◆ TASK DESCRIPTION: Starting with the line that holds "文档 word 文档模板" and stopping after the line that holds "Ford Focus: цена", repeat the lines below word for word, without the pictures.

◆ DATASET:

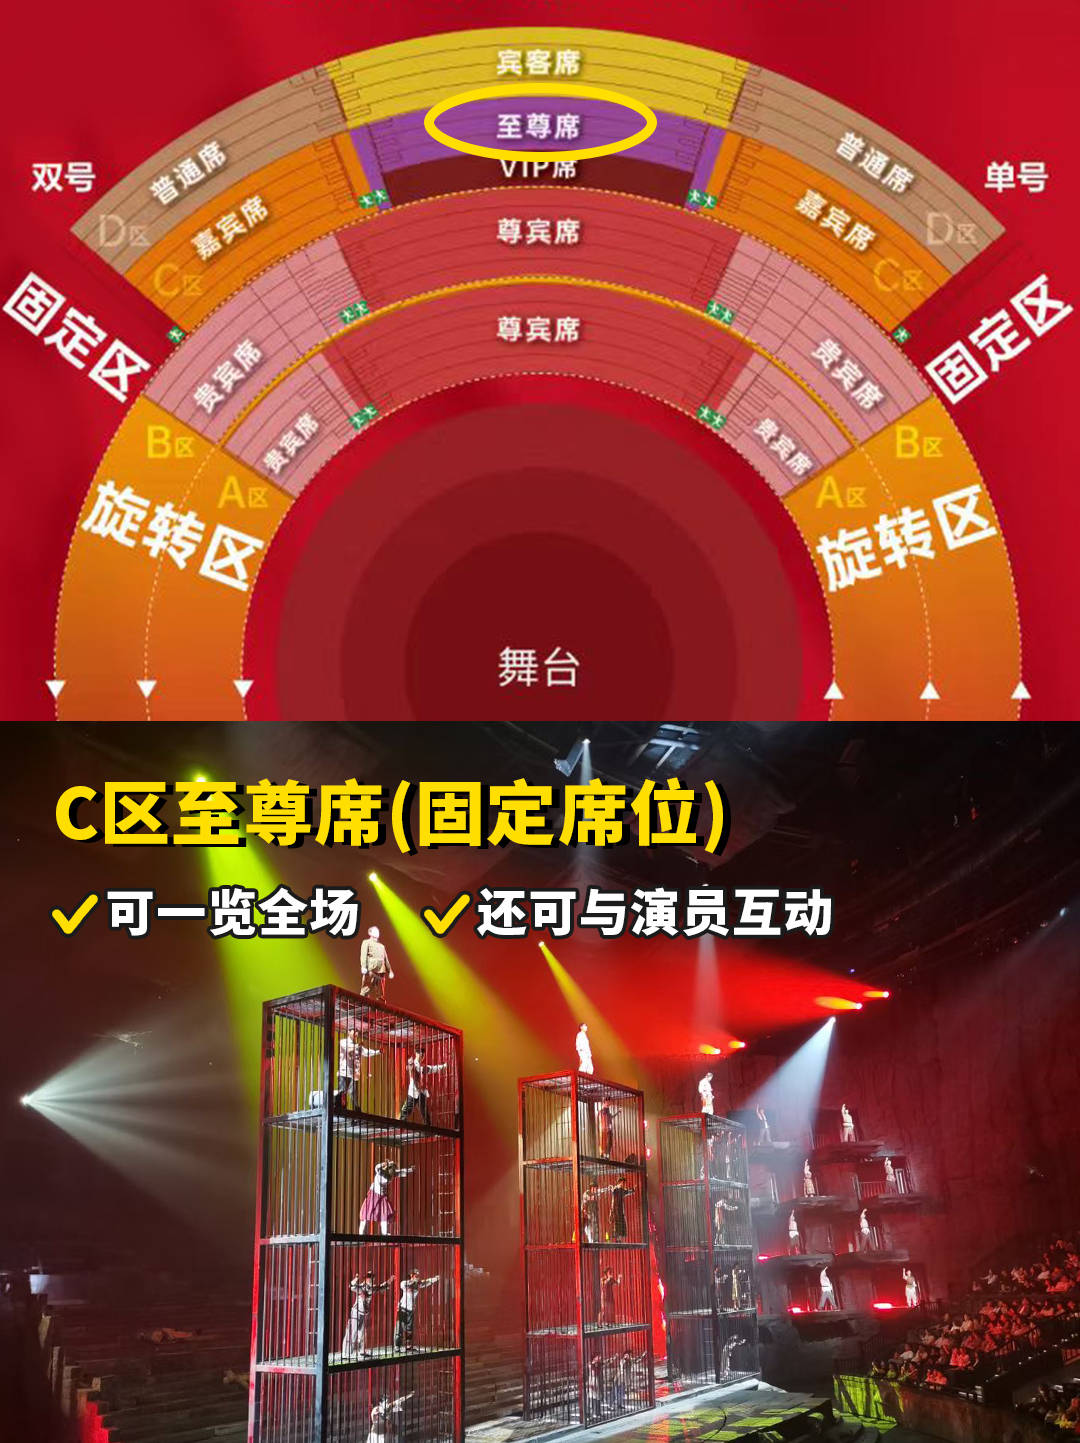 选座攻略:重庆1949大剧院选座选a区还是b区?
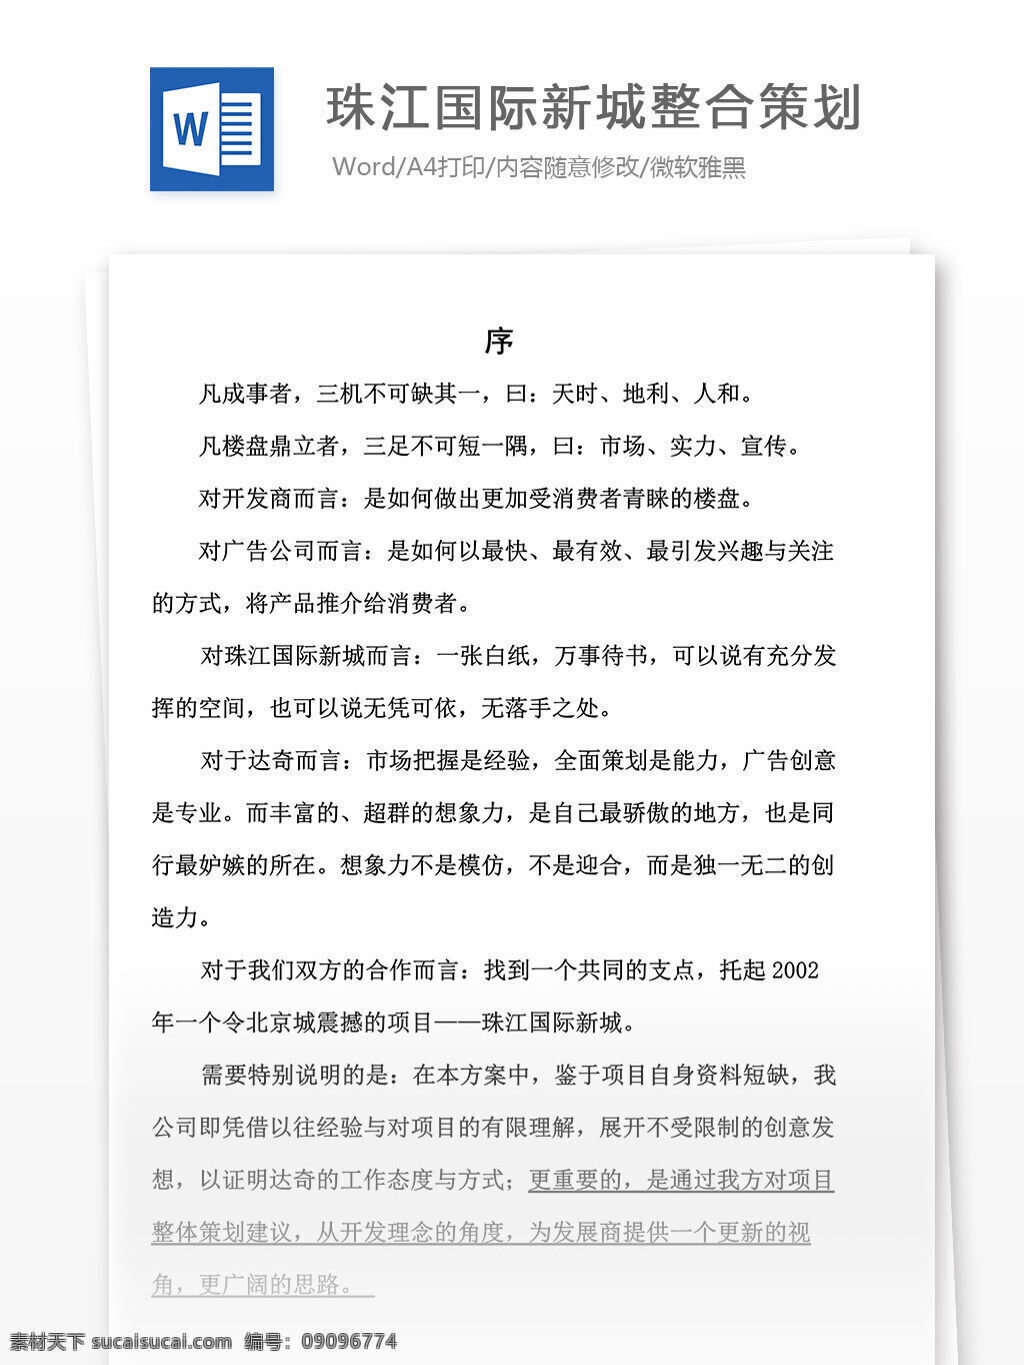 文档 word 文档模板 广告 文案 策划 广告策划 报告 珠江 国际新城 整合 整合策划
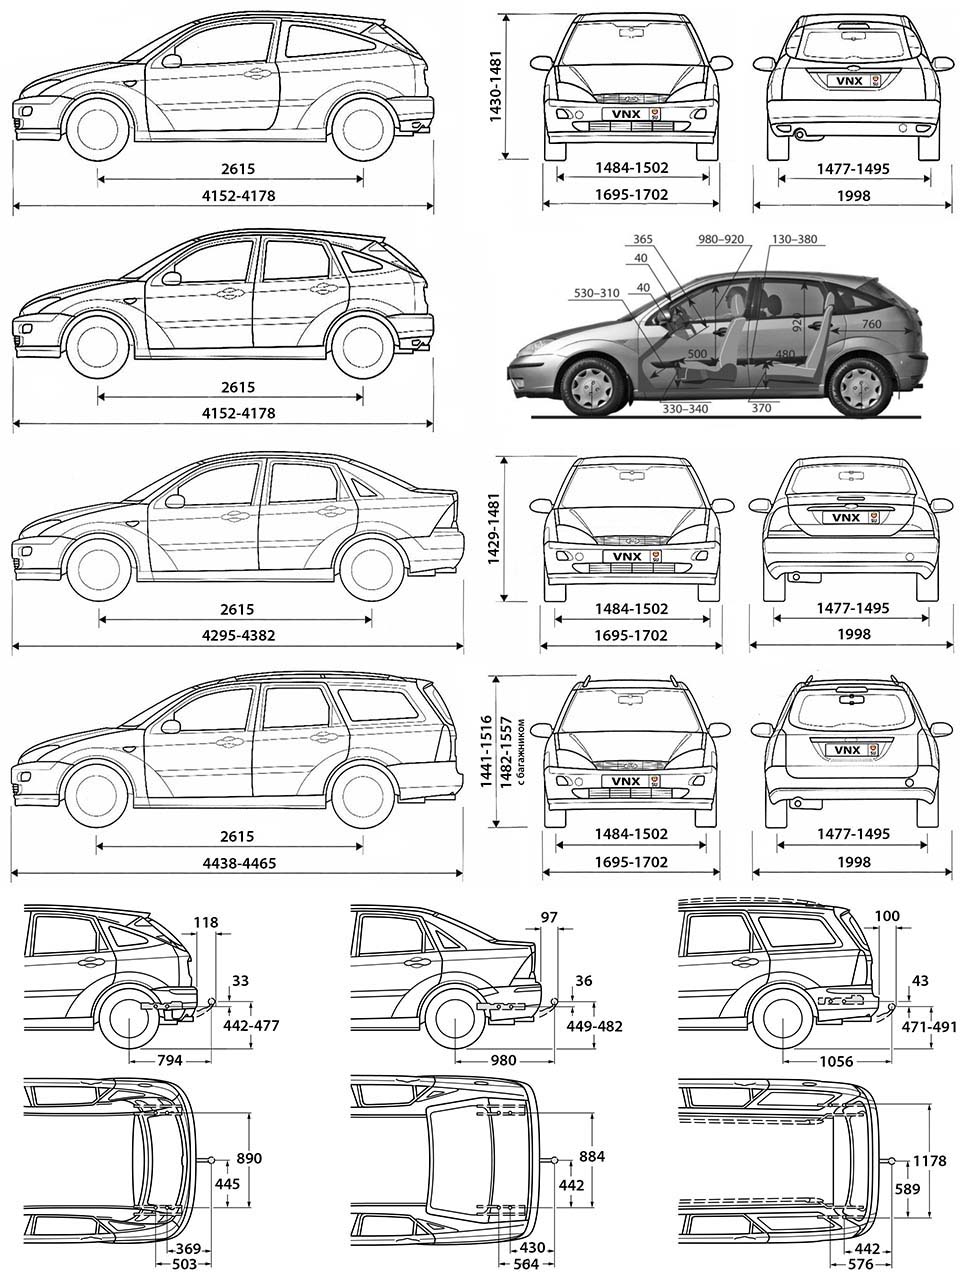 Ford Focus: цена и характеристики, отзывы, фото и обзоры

==

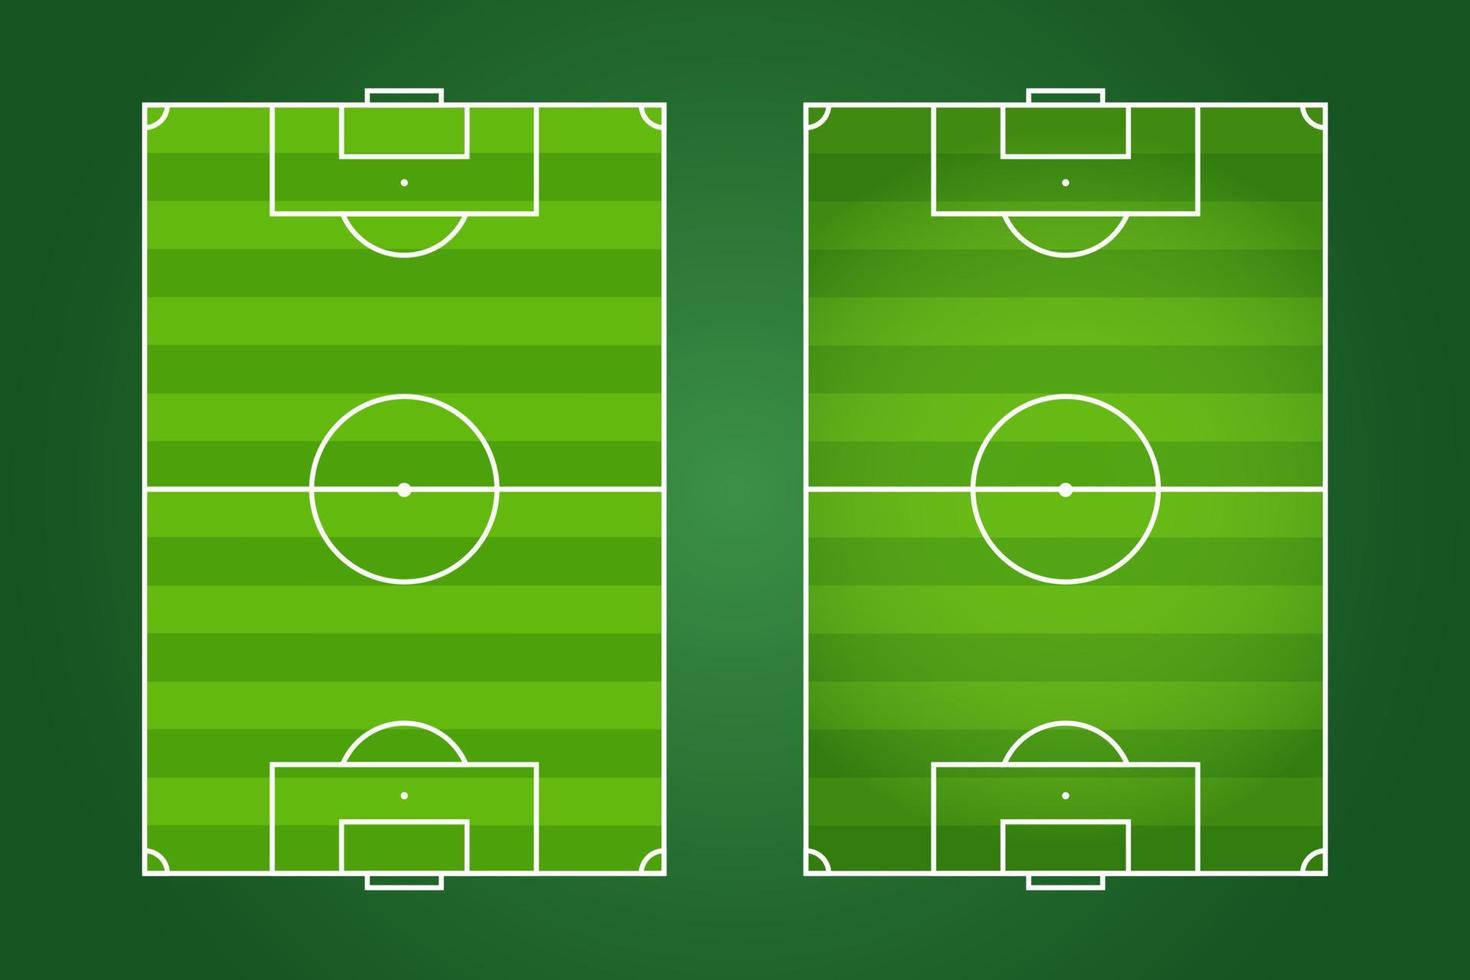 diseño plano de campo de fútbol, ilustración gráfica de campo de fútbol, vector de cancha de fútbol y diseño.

◆ RESULT:
 文档 word 文档模板 广告 文案 策划 广告策划 报告 珠江 国际新城 整合 整合策划
 Ford Focus: цена и характеристики, отзывы, фото и обзоры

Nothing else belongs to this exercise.